August 25, 2012 at 9:51 pm , by Nick Shell
21 months.

I am convinced that the best way to get someone to stop nagging you with their wrong opinion in regards to unsolicited parenting advice is just to simply smile and respond with, “You may be right.”
If they still go on rambling in an attempt to convert you, just said it again; this time raising your eyebrows and smiling even bigger.
You can even throw in peripheral phrases like “I think I might have read a blog about that recently” or “I’ll have to check that out.”
We live in a time when “I don’t agree with you” translates to some people as “I hate you.”
So if a person is already passionate about a polarizing parenting topic that I either A) already have a strong opinion on or B) am indifferent about, I’d rather just move on as quickly as possible to the next conversation topic, as opposed to becoming the next victim of a parenting extremist‘s solicitation speech.
Sometimes it’s just too much hassle to admit with someone that you disagree with them.
I don’t mean to sound like a person without passion and conviction. Because I am very passionate about the things that matter to me; likewise, I am extremely indifferent about the things I don’t care about or care to change.
“You may be right” is clever because it is also undeniably true.
No matter how firmly set I am in my opinions and stances on things like the kind of food I feed my kid or how I choose to discipline him, I could easily be wrong.
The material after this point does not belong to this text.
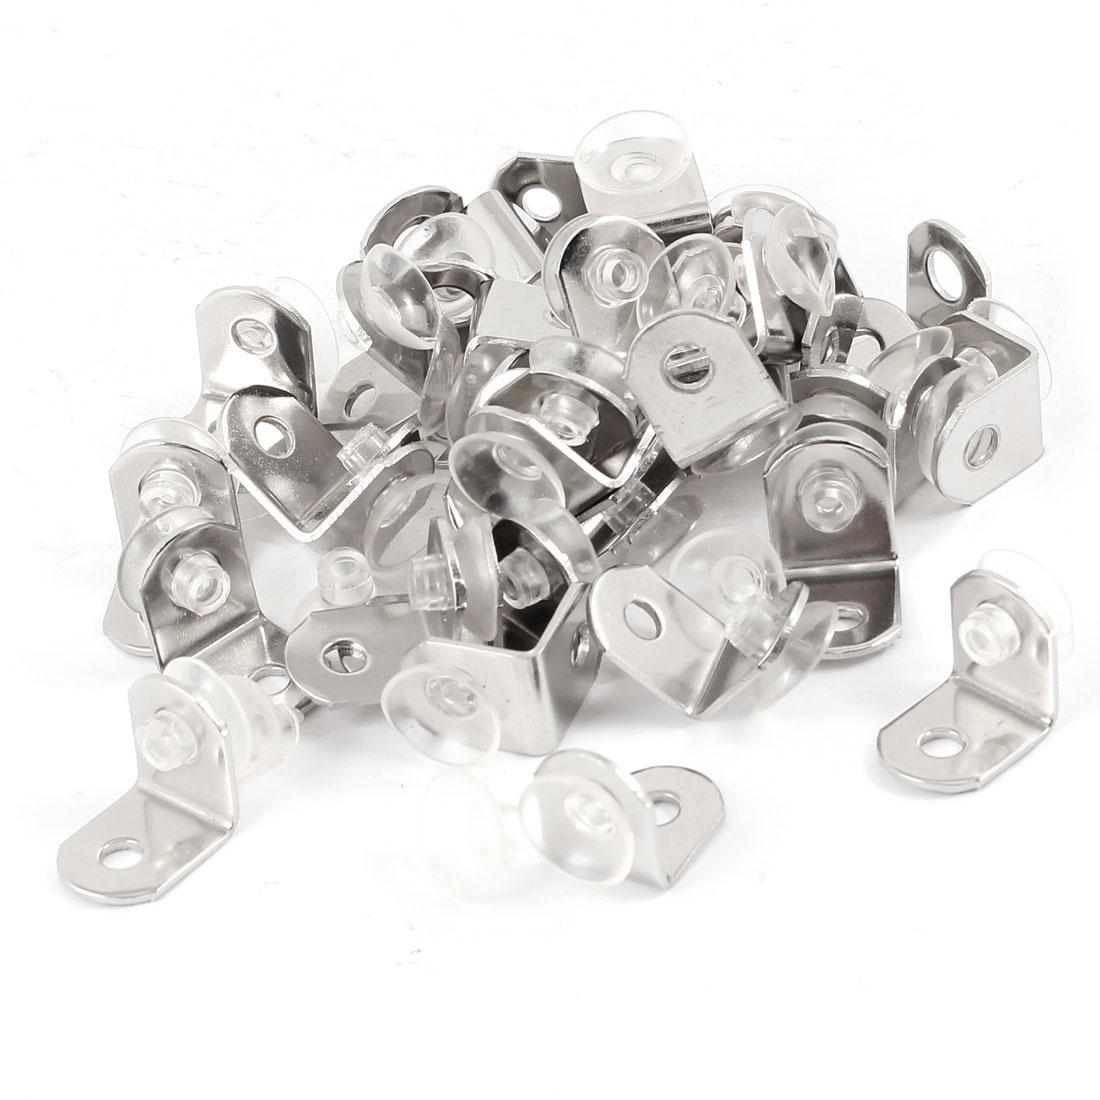 Suction Cup Base Right Angle Shelf Bracket Glass Shelve Support 40 Pcs

I am aware of that at all time. Whether the experts and scientific research support my view or not, still, I may be wrong.
Therefore, the other person with a different perspective as mine may very easily be right.
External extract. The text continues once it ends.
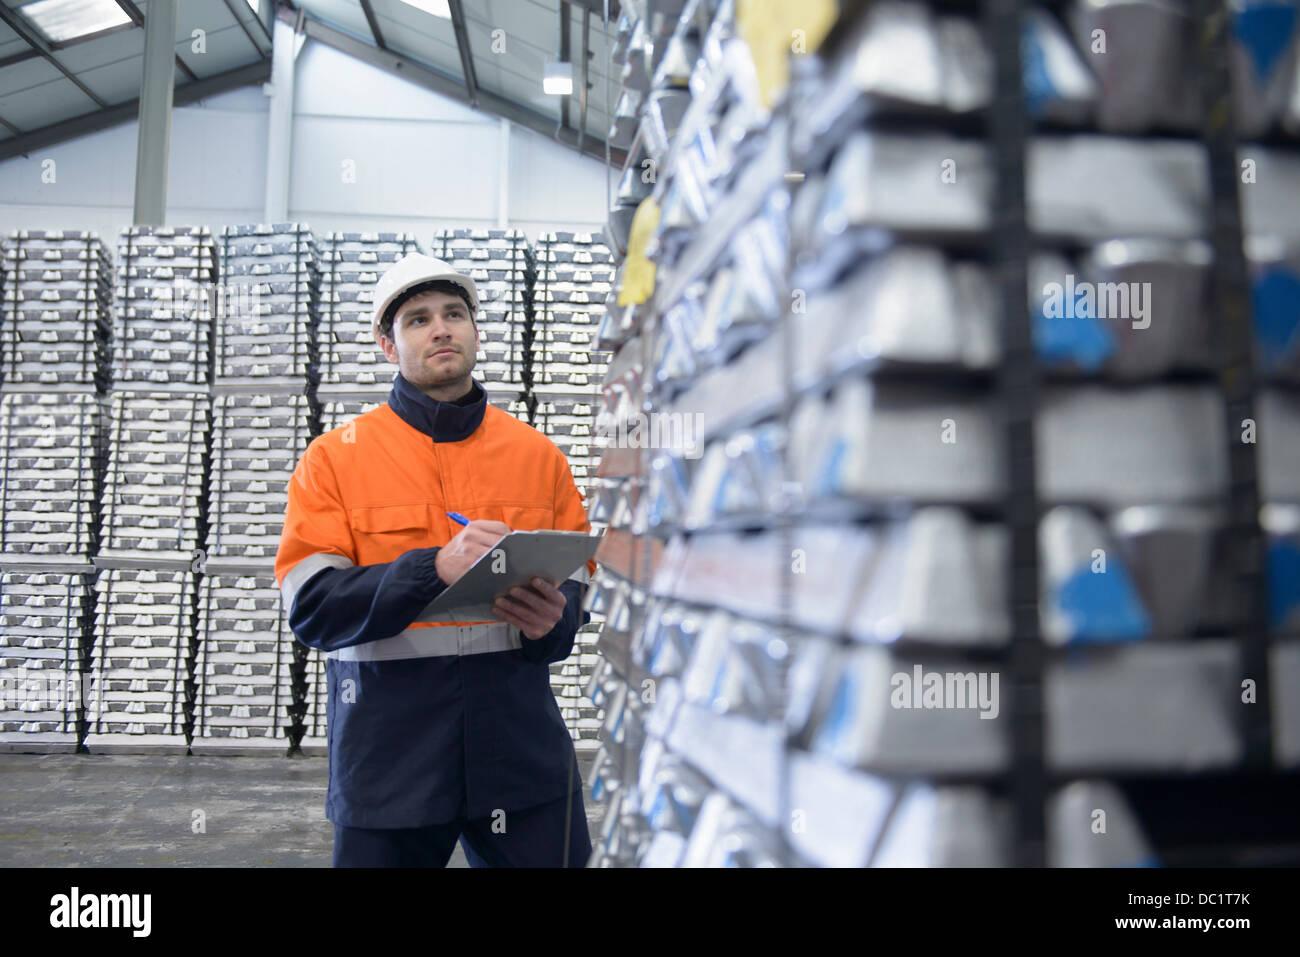 Trabajador de almacén control de stock Imagen De Stock

How arrogant of me to assume that I’m right most of the time about stuff. Or even half the time.
I might as well just assume, at best, I’m only right 49% of the time.
Granted, I want to be right, but I overanalyze stuff a lot.
Like when I half-jokingly wrote a post about hand-cuffing my son on the way to time-out.
It just seems weird to me that in the eyes of parents like me who are “non-spankers” it’s okay to discipline your child by physically restraining them by exiling them to time-out, as opposed to physically striking them.
Yet somehow the idea of taking physical restraint a step further and putting handcuffs on your kid is absurd.
I see double standards there. I see norms based on tradition. And I question that. I question myself.
So, I may be wrong about a lot of my parenting perspectives. The other people may be right.
And when I give them confirmation of that, it helps skip the annoying conversation topic I don’t want to be involved in, like a chapter on a DVD.
I’m such an impatient Millennial parent.